The myth of microservice isolation
In the last twenty years, microservice architecture (MA) has become the standard way of building web-scale software systems, to the point that architecture conversations usually start not with should we use MA, but rather which specific microservice pattern to use.
I’m not disputing the advantages of MAs, particularly for large tech companies and scale-ups, but I am concerned that companies are making the transition from monolith to microservice without considering all of the challenges that naturally come with the territory. There has been some acknowledgement of the downsides of microservice architecture, including the increased complexity of deployment, tracing, testing, and security, but there’s one downside that I think doesn’t get enough attention: MAs, especially when not guided by clear principles, don’t provide isolation in a way that makes sense to the business.
The myth of isolation
The idea that microservices are loosely coupled, and therefore easier to update and change in isolation is true to a point, but the conclusion that teams working with microservices can work more independently to ship new features is false. In practice, the isolation created by microservices doesn’t always align with the business: end-user features can seldom be created by making a change to one microservice alone. Microservices are isolated in the sense of deployment, database access and other technological measures, but typically not by end-user feature, and this can mean that microservices are more fragmented, rather than more isolated.
The problem is made worse by another touted benefit of microservices: the idea that each service can be written using the best technology for that service. At huge companies where enormous scale often requires fine-tuned performance and careful alignment of technology to the problem domain, this is a benefit. However, at a smaller or mid-sized company it is usually more important to be able to build features quickly. In this case, even simple changes to multiple services require expertise from people in a variety of technologies, and sometimes from a variety of teams, which automatically expands the scope of the original feature request. With multiple teams involved, coordinating priorities and schedules.

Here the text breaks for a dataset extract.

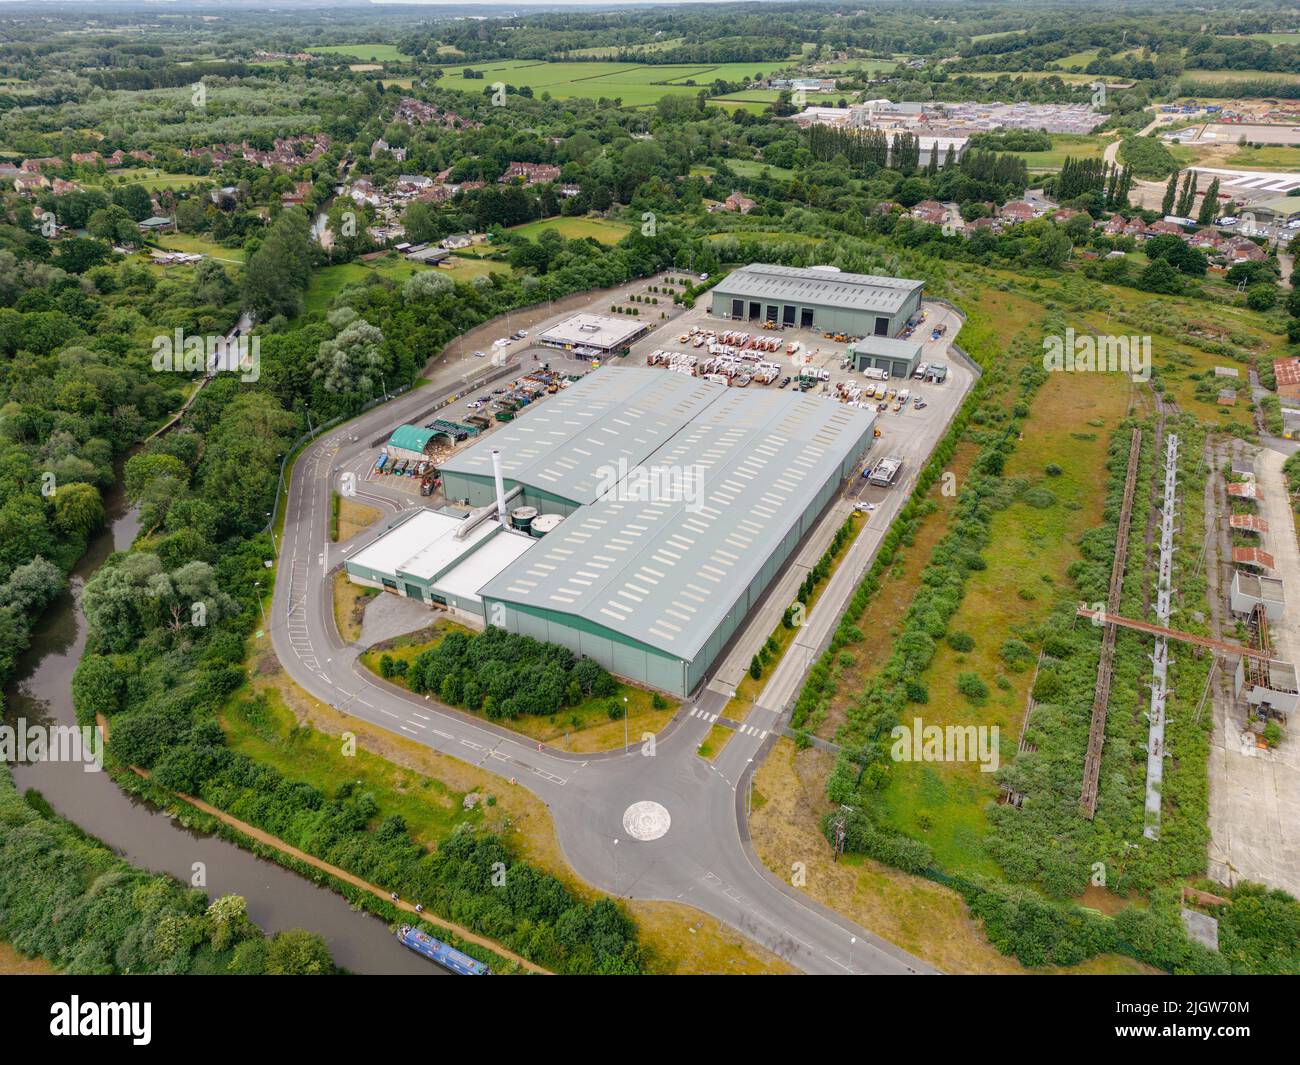 Padworth Recycling Centre Aerial View Stock Photo

One startup I worked at had gone down the path of using multiple technologies. In some ways, this was good: high-throughput and data-intensive systems could be run in a language suited to that purpose (Scala), while a structured web application could be written in a language suited to that purpose (Python/Django). Unfortunately, adding a new feature to the web often required support from downstream backend services. Since Scala is a fairly challenging language, it was difficult for Python developers to make even relatively simple-seeming changes, and they were therefore forced to ask another team for help.
Of course there’s nothing wrong with teams helping each other, but when different teams have different KPIs, timelines and priorities, cross-team collaboration always adds overhead. This is one of the reasons larger companies with many loosely-coupled systems move more slowly.
Don’t ignore the problem
I’m not suggesting going back to a monolith is necessarily the right answer, but the problem can’t be ignored, either. Here are some tools I used to mitigate the increased scope caused my multiple services and technologies:
- Careful consideration of dependencies in planning. Dependencies must be anticipated so that downstream teams can be sure to allocate the resources necessary. Asking one team to drop what they are doing and work on something else is a formula for frustration and stalled projects. Making evaluation of these dependencies a part of the planning process makes all the difference.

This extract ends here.